CVE-2022-49771

Name of the Vulnerable Software and Affected Versions Linux kernel (affected versions not specified)

Description A bug in the Linux kernel's dm ioctl has been resolved. The issue occurs when the list versions function estimates the required space using the dm target iterate(list version get needed, &needed) call and then fills the space using the dm target iterate(list version get info, &iter info) call. However, between these two calls, there is no lock held, and target modules can be loaded, potentially causing the second dm target iterate call to need more space than initially estimated. The code attempts to handle this overflow but does so incorrectly, potentially leading to data being written past the param->data size value. This can cause part of the result to be truncated when copied into userspace. The estimated number of potentially affected devices worldwide is not available.
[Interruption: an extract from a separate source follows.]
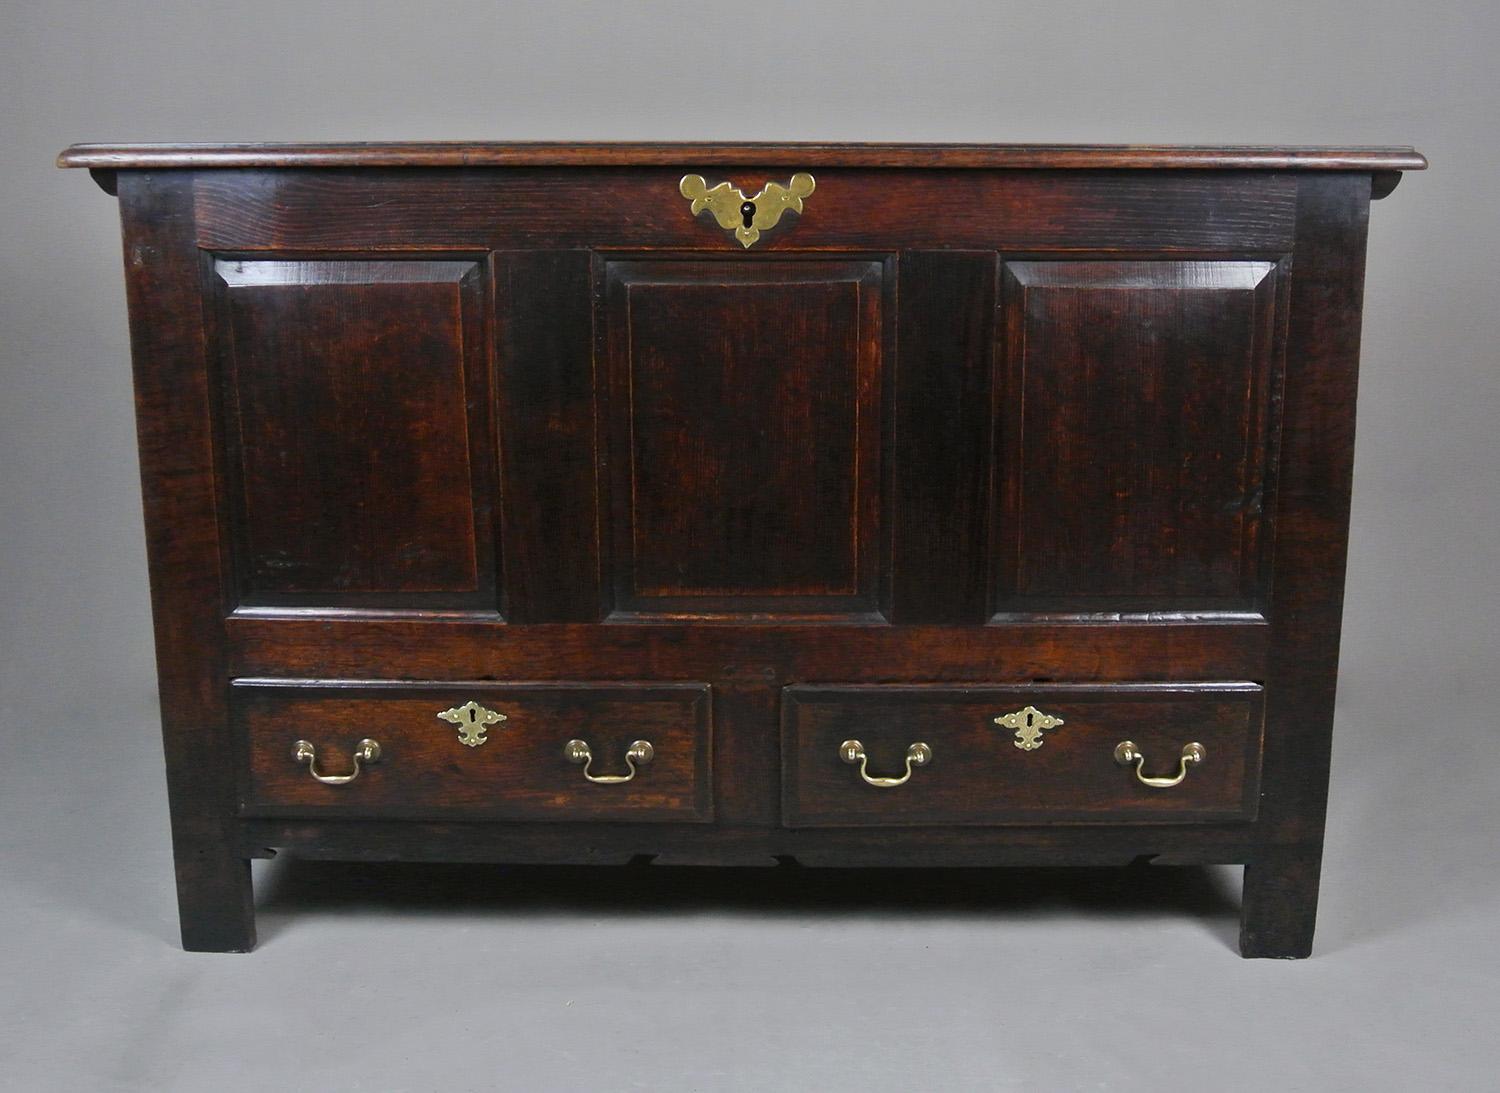 A really good mid 18th century oak mule chest of lovely proportions and with a fantastic well developed natural and rich colour. The drawers with original handles and the chest with its original escutcheon, the engraved pattern worn from regular

There is no information about real-world incidents where this issue was exploited.

Recommendations To resolve this issue, update the Linux kernel to a version that includes the fix for this bug. Specifically, the fix involves setting iter info.end = (char *)vers + needed; to guarantee that the second dm target iterate call will write only up to the needed buffer and exit with DM BUFFER FULL FLAG if it overflows the needed space. As a temporary workaround, consider restricting access to the vulnerable dm ioctl interface until a patch is available. At the moment, there is no information about a newer version that contains a fix for this vulnerability.